What a week, y’all. What a week. Somehow the news is still at it, even if we’re an inch away from the back half of December. So much for a holiday slowdown! Up first, some notes on the week’s key news, then we’re talking vector search and some final book recs. Into the breach!

  • The end of SPACs as we know them: It’s a gosh darn dumb idea to spend time calling top on any particular market movement — it’s a great way to look silly in public. Still, the growing smoke surrounding the Trump Media SPAC has reached smog levels as the BuzzFeed SPAC deal did everything in its power to fail at the finish line, only to limp public and then shed nearly half its value. Top? Top.
  • Crypto vs. TradFi: It’s not my place to get in the middle of religious warfare, but the technology market really does need to decide how to fund and build crypto companies. And the answer probably isn’t venture capital? This week we saw the OpenSea IPO expectations met not with warmth by its users, but contempt. Going public? Why not issue a token and stay in the crypto space? Well, because a lot of trad money went into OpenSea, and those investors need to pay back their investors in dollars, not digital duckets. How to solve this? Unclear, but I wonder if, long term, we’ll see crypto companies build entirely off traditional finance rails. Why not?
  • SaaS multiples: I am sorry that I did not write this up, but we’ve seen one of the sharpest negative movements in software valuations in recent memory recently. Sure, prices are still high but not nearly as much as they were. Watch out, overpriced unicorns.
  • And, finally, Instacart just lost its president: Mere months after she joined, Instacart is shedding a high-profile hire. The Exchange wrote a tiny bit about Instacart back in November, noting reports indicating that Instacart’s growth rate has slammed back to Earth after its pandemic bump moderated. The company is still growing, albeit slowly. Slow growth, however, won’t let the company go public at a price that makes sense. So, what’s ahead? We have no idea.

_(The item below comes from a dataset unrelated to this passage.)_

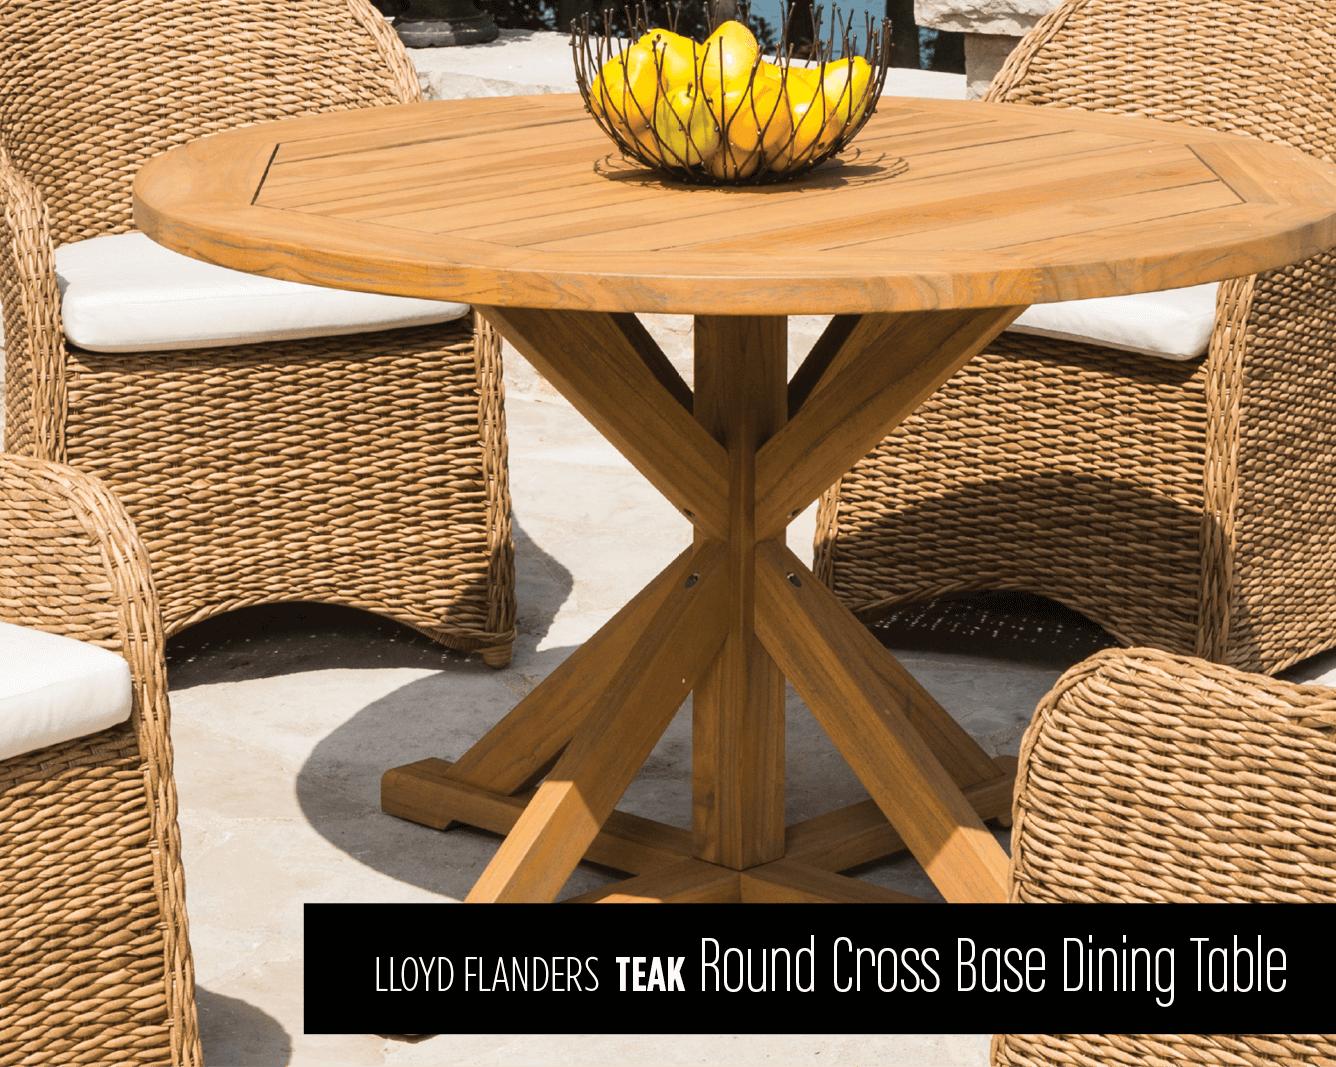 Lloyd Flanders Teak Round Cross Base Dining Table

How to get coverage for your company. And, vector search.

One of the best bits of being a reporter in the technology space is spending time with smart people who can explain the future to you. Not in the soon we’ll be in the metaverse sense, but in the here’s a tech that is going to change the way we handle information in the future sense.

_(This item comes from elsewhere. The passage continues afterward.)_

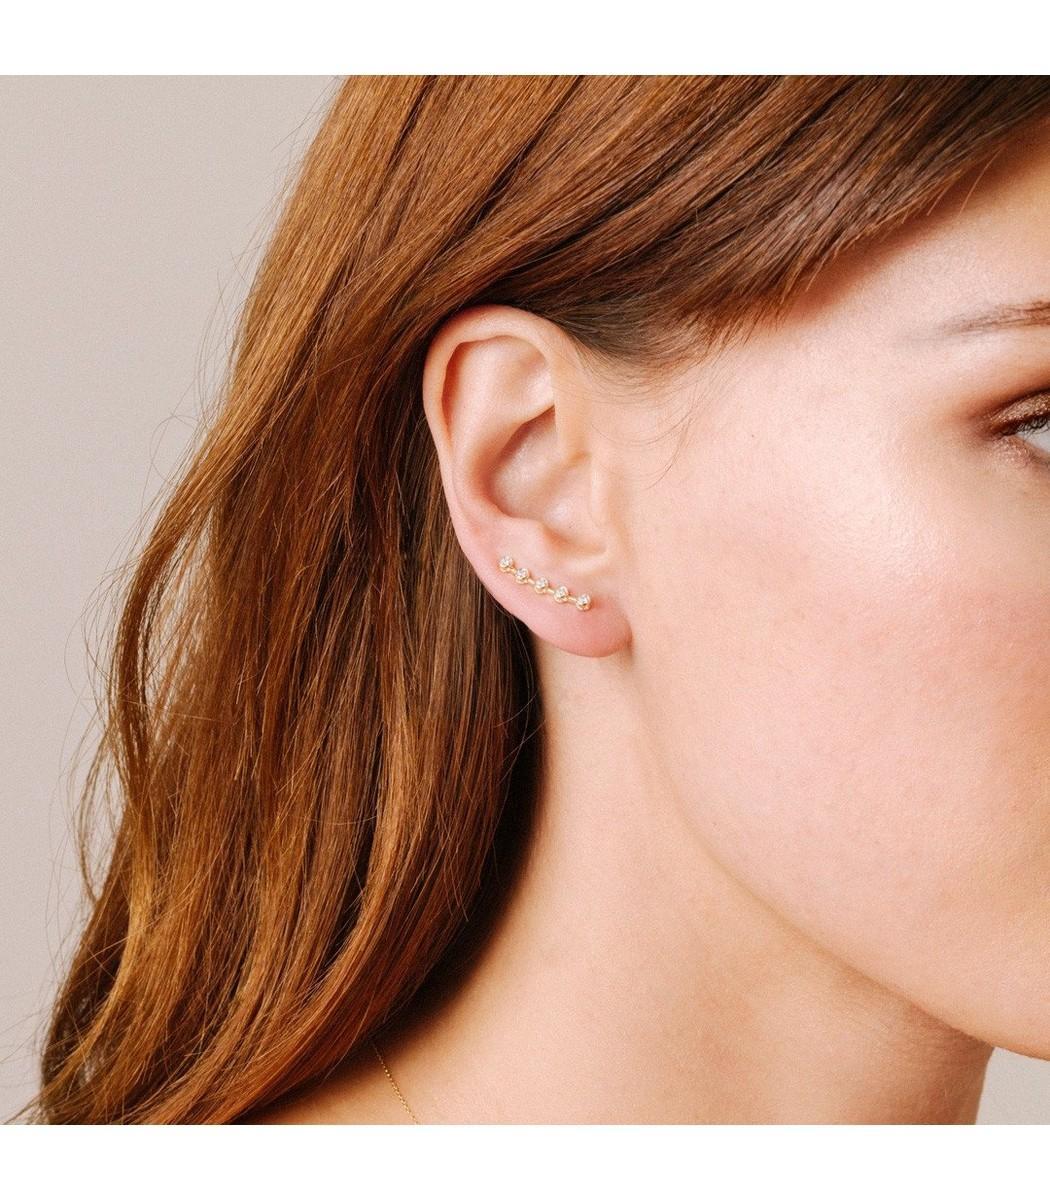 897f17cbb Adina Reyter - Metallic 5 Diamond Wing Earrings In Yellow Gold - Lyst. View  fullscreen

Enter Bob van Luijt, CEO and co-founder of Semi Technologies. The startup is building Weaviate. Like with a great many startups today, Semi is a for-profit OSS company. More simply, it is building a business atop an open source project, namely Weaviate.

Bob was kind enough to not only spend a few hours talking me through his company, the market for searching unstructured data and how Weaviate works but also to scrape TechCrunch’s 2021 output and put it into a little GUI so that I could play around with it.

This is a great way to get reporters to care about your company, by the way. Not the scraping work; that was an extra kindness — but to spend a lot of time answering somewhat silly questions with patience, even when the reporter in question has to retread lots of ground.

Anyway, vector search. What Weaviate allows for is the searching of unstructured data, quickly. Microsoft says that vector search “uses deep learning models to encode data sets into meaningful vector representations, where distance between vectors represent the similarities between items.”

Bob made this a bit simpler with an example. In a traditional database, you might have data indicating that the Statue of Liberty is in New York City and that the Eiffel Tower is in Paris. But to snag those data points, you’d have to search for something precise. With vector search — via Weaviate or a related software product — you can ask the data to show you what the database has about landmarks in France. And get the Eiffel Tower data to arise.

Neat, right? Very. Tinkering with the TechCrunch portal that Bob and his team were kind enough to set up, I was most taken with a question that they suggested: “Who writes the TechCrunch newsletter when Alex Wilhelm is out?” Frankly, this is a fun query due to its imprecision. Which TechCrunch newsletter? And what does out mean? Well, the search results managed to find a bit of text from this very column noting that I was taking a day off and that Anna would be handling the newsletter herself.

Very cool. Semi Technologies is a pretty young company, but one that I am keeping tabs on. For a few reasons, first of which being that open source startups are nearly always more interesting than their closed-code brethren. Mostly because founders building with OSS tech tend to have a slightly less hard-grind approach to business, and because I like Bob.

More to come once I can condense my nearly 3,000 words of spaghetti notes from calls with Semi into something a bit more coherent.

Image Credits: Semi

Book Recs

After spending quite a lot of time this week working on our two-part venture capital book recommendation list, we’re adding some of our own favorites to the mix. Of course, grains of salt as books are as personal as paintings, but we can’t help but share some of the best stuff that we read this year!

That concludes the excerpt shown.